# iva



## Gavril

Would _iva _be a good translation for the words_ irony, sarcasm _or _mockery_? Are there more specific words for any of these?

Jos muuten jollakulla on SSA/NES/jne., mitä alkuperää _iva-_sanan arvellaan olevan?

K


----------



## Grumpy Old Man

In many contexts, yes. _Irony of fate_ (kohtalon iva) comes to mind. _Derision_ is often a good word: _His words were filled with derision. _(Hänen sanansa olivat täynnä ivaa.)


----------



## SamiFrenezas

Yes, _iva_ and _pilkka_ would cover all the meanings. Although, I would use simply _ironia_ for irony and _sarkasm_i for sarcasm. For mockery I can't come up with better equivalents than_ iva_ and _pilkka._


----------



## Gavril

So, are the following translations correct?

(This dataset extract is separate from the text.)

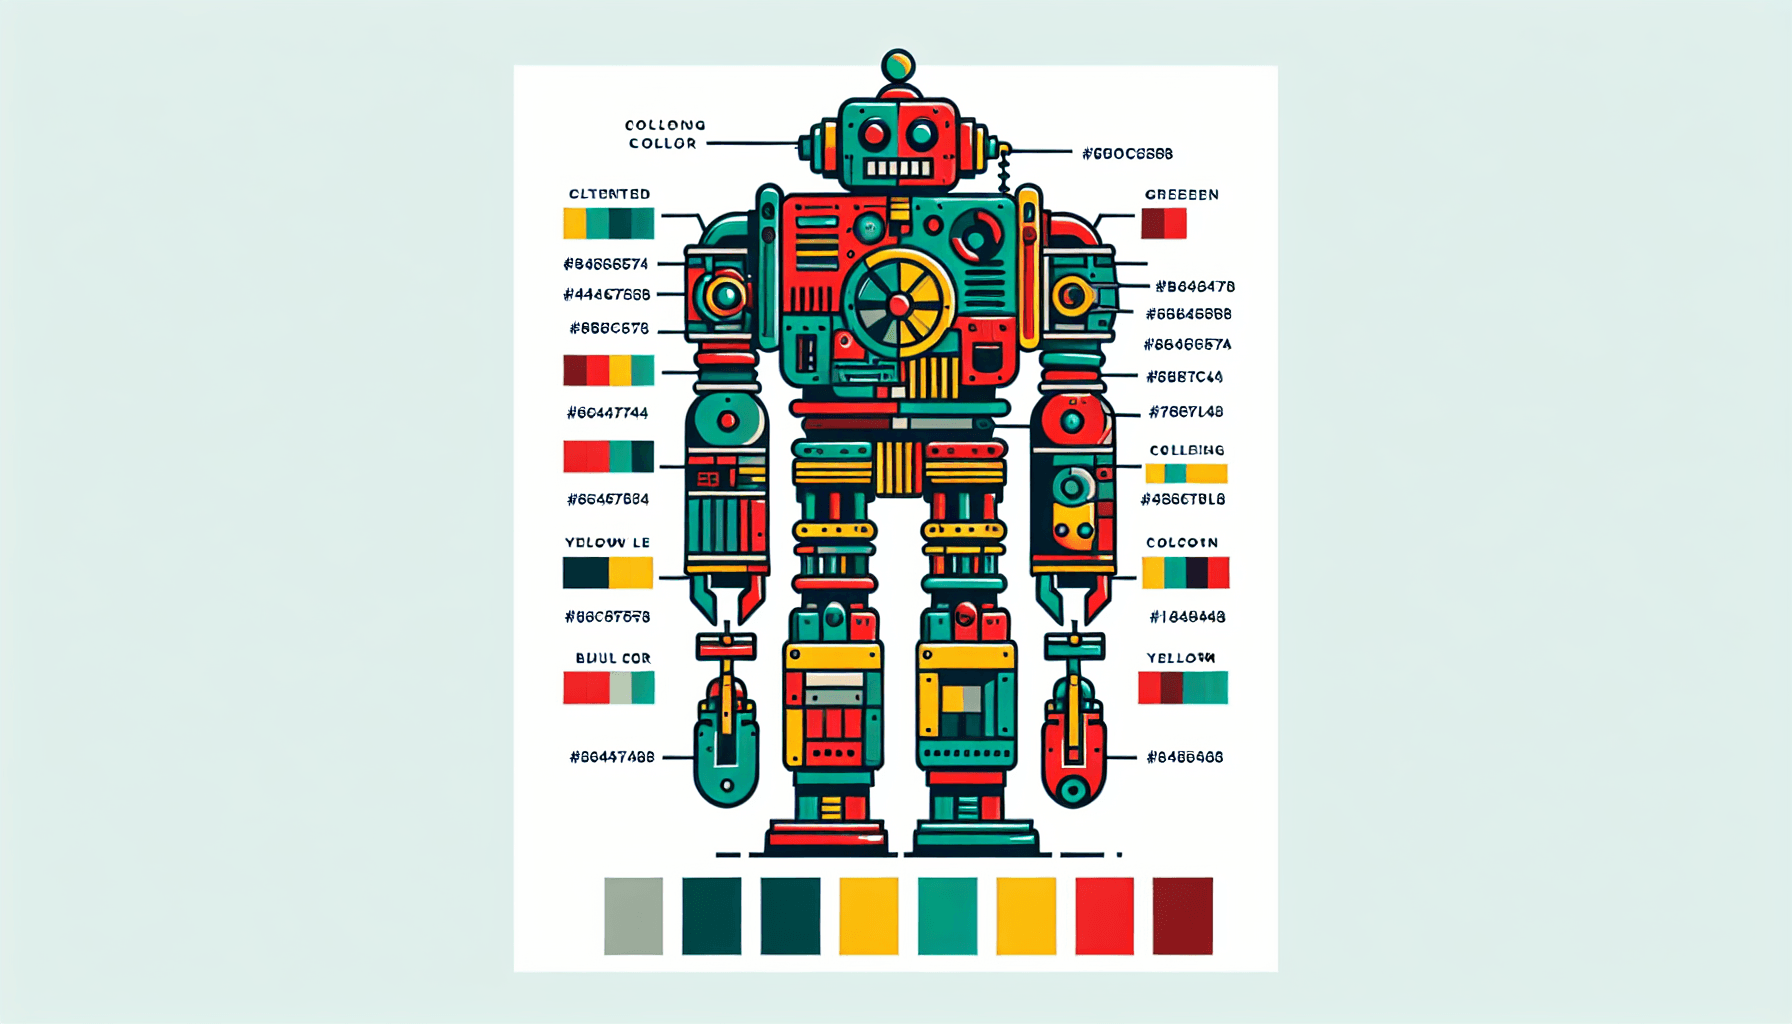 Robot in flat illustration style and white background, red #f47574, green #88c7a8, yellow #fcc44b, and blue #645bc8 colors.

_Isn't that ironic?_ = _Eikö se ole ivallinen_? (Or maybe just _Mikä iva!_)

_I wasn't being serious; I was being sarcastic._ = _En ollut tosissani, se oli iva.
_


----------



## Grumpy Old Man

Gavril said:


> So, are the following translations correct?
> 
> _Isn't that ironic?_ = _Eikö se ole ivallinen_? (Or maybe just _Mikä iva!_)
> 
> _I wasn't being serious; I was being sarcastic._ = _En ollut tosissani, se oli iva.
> _


No, we would say: _Eikö se olekin ironista? En ollut tosissani; se oli sarkasmia._


----------



## sakvaka

Gavril said:


> So, are the following translations correct?
> 
> _Isn't that ironic?_ = _Eikö se ole ivallinen_? (Or maybe just _Mikä iva!_)
> 
> _I wasn't being serious; I was being sarcastic._ = _En ollut tosissani, se oli ivaa.
> _



1st sentence: We usually say _Aika ivallista_/_ironista_ ("quite ironic").
2nd sentence: It goes fine, but remember to put _iva _in the partitive case. Another possible translation would be _se oli sarkasmia_.

EDIT: Three minutes late of Grumpy Old Man


----------



## Gavril

En halua viedä liikaa aikaanne, but I'm curious to know: would you use _ivallinen_ to describe the style of the last part of this article (starting with "Mutta emme pärjää ilman ...")?

KVK


----------



## Duracell

Gavril said:


> Would _iva _be a good translation for the words_ irony, sarcasm _or _mockery_? Are there more specific words for any of these?



First of all, I agree with all the Finns who have already commented on this.

My intuition at first was that _iva _would rather be _mockery _than _irony _or_ sarcasm._ I was even going to say that I would never use _iva _to refer to _sarcasm _or _irony _because I thought it wouldn't be right. However, I found the following explanation in Kielitoimiston sanakirja:

"iva - ylimielinen, halveksiva t. verhottu pilkanteko, ironia, satiiri.
_Joutua ivan kohteeksi. Hienoista ivaa sisältävä pakina. Oli kohtalon ivaa, että - -._" (Kielitoimiston sanakirja, Kotimaisten kielten tutkimuskeskus 2006. Gummerus kirjapaino Oy, 
Jyväskylä 2007: 350.) 

So, _iva _seems to refer to irony as well.


----------